Я удивленно посмотрел на госпожу Буше. Еще утром она была такой милой… Мне всегда казалось, что она относится ко мне, как к любимому внуку, и вот теперь готова прогнать на улицу!

– Ну что ты так на меня смотришь, глупый мальчишка? Я же тебе только что все объяснила! Никому ты тут без своего спесивого папаши не нужен. И вот еще что, если ты думаешь, что я такая жестокая, то ты не думай. Я просто не хочу, чтобы ты считал себя мне обязанным. Твой шибко умный папаша всегда говорил, что от этого одни проблемы. Да я, может, и сама скоро отсюда уеду, по крайней мере, на время. Проклятые эльфы давеча разорили Кафир, а это ведь всего в сотне лиг отсюда. Скоро и до нас доберутся. Ты понял намек, парень? Уходить надо из города. Подумай об этом.

Она поднялась по лестнице, а я так и остался сидеть с раскрытым ртом. «Не любят вас в городе». Ведь она, пожалуй, совершенно права! У меня даже нет здесь ни одного друга, а ведь я прожил тут всю жизнь. По крайней мере, здешнюю жизнь. Яков переехал сюда после того, как его сын получил травму, так что настоящий Эрик не мог здесь ни с кем подружиться, а сам я не слишком стремился изменить негативное отношение ровесников. До того Яков с семьей жил в столице, но подробностями прошлой жизни я у Якова почти не интересовался, видя, что эти вопросы причиняют ему боль.

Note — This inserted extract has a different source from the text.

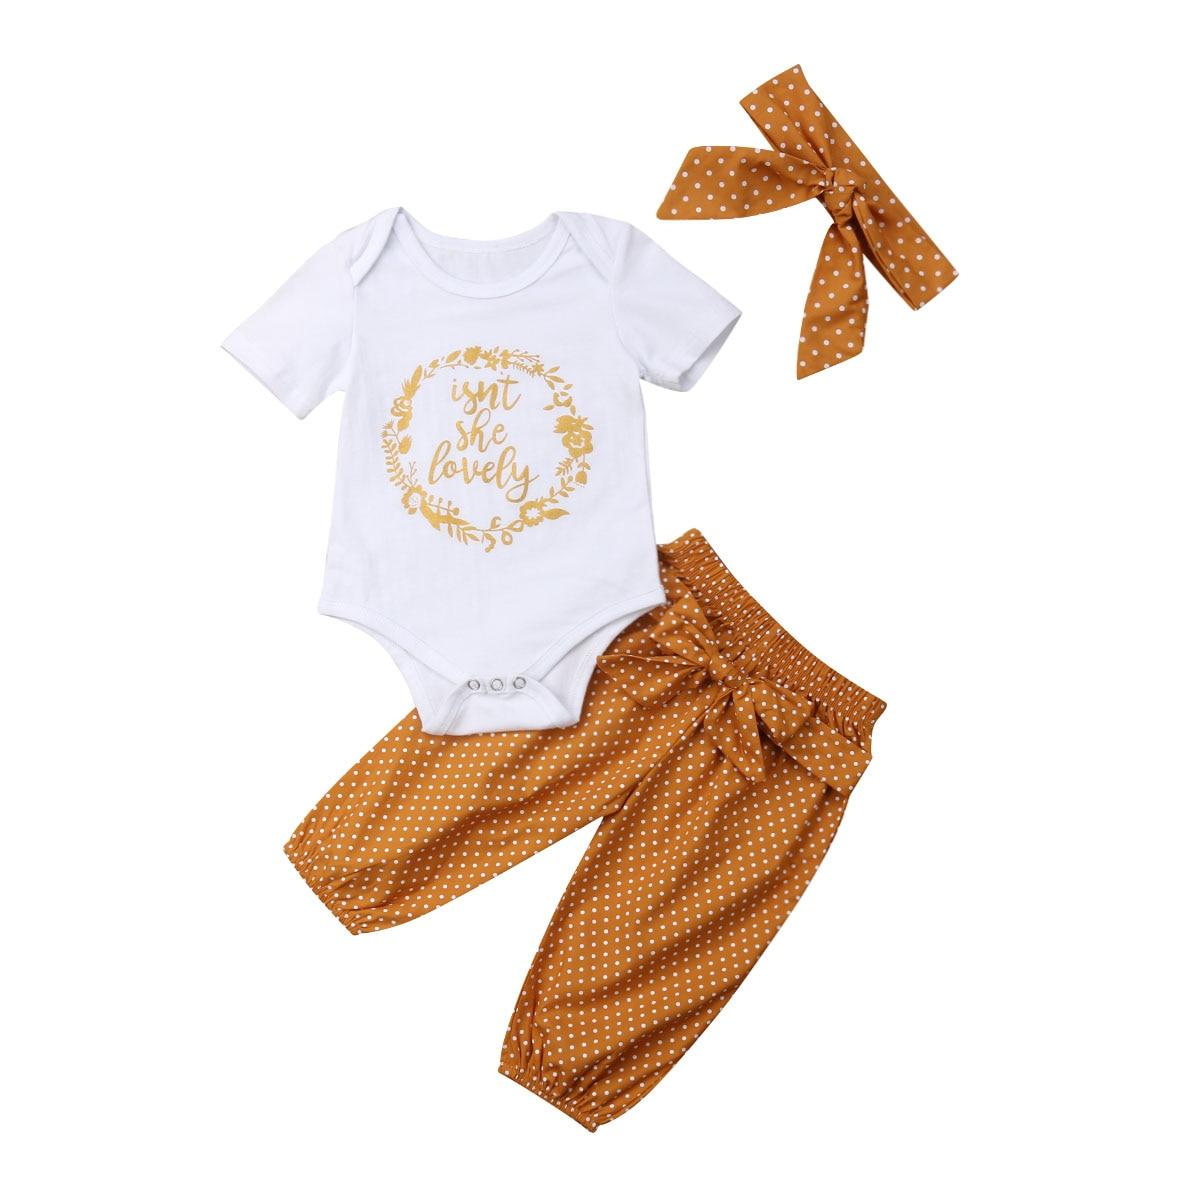 0-18 M Neugeborenen Baby Junge Mädchen Kurzarm Baumwolle Body Tops Dot Lange Hose Hosen Stirnband 3 Pcs Outfits Sommer Kleidung Set

Я посидел еще немного, пытаясь сообразить, что же мне теперь делать. Получается, что мне действительно лучше уйти из города, вот только куда? Я ничего не знаю о своих родственниках, не уверен даже, что они вообще у меня есть. Несколько раз я все-таки пытался выяснить у отца что-нибудь о своей матери, но обсуждать это отец отказывался наотрез. «У тебя нет матери, сын» – это все, что я мог добиться от него. Куда же мне отправиться? В столицу? Нет, это глупо. Я прекрасно знал, что деньги, которые я могу получить у госпожи Буше, велики только для захолустного Тальбрука, в столице от них ничего не останется уже спустя две недели. Пойти в какое-нибудь из лесных сел? Там всегда ценили лекарей, даже таких бестолковых, как я. Да только лесных сел у нас почти не осталось, всех вырезали эльфы.

Мысли никак не хотели приходить в порядок. Перескакивали то на смерть отца, то на собственное неясное будущее. Кажется, мне просто страшно было самостоятельно принимать какие-то решения. Постепенно начинало темнеть, но у меня не хватало сил даже на то, чтобы подняться и отправиться в свою, теперь уже бывшую комнату. Так и сидел на ступеньках, привалившись к перилам, и даже заснуть от усталости и потрясения не получалось. Так, иногда, проваливался в зыбкую дрему и начинал клевать носом, но тут же снова просыпался. Когда я в очередной раз открыл глаза, взгляд мой уперся в пыльные сапоги. Мне даже не сразу пришло в голову поднять глаза, чтобы поинтересоваться, кому эти сапоги принадлежат. Мозг безучастно отметил факт наличия сапог, но выводов из этого сделано не было.

– Кхм, парень, это ты сын местного лекаря? – раздалось над головой.

Голос я узнал, именно с этим человеком разговаривал два дня назад отец. Я устало кивнул, и даже нашел в себе силы ответить:

– Это я. Что вам угодно, господин тысячник?

– Мне доложили о том, что твой отец погиб. Сочувствую твоему горю, парень, однако дело есть дело. Свою работу он выполнил, и выполнил хорошо. Я и не надеялся, что ему удастся вытащить с того света стольких ребят. Так что я пришел расплатиться. Окончательную сумму он мне не озвучивал, сказал, что счет выставит по окончании работы. Его больше нет, но ты ведь, наверное, в курсе, какую работу он выполнил и сколько за нее должен был взять?

Я покачал головой:

– Никогда не интересовался финансовой стороной работы. Не знаю. Да и не мои эти деньги. – Мне внезапно стало ужасно горько, я с трудом удержался от того, чтобы не заплакать. – Мне они не нужны.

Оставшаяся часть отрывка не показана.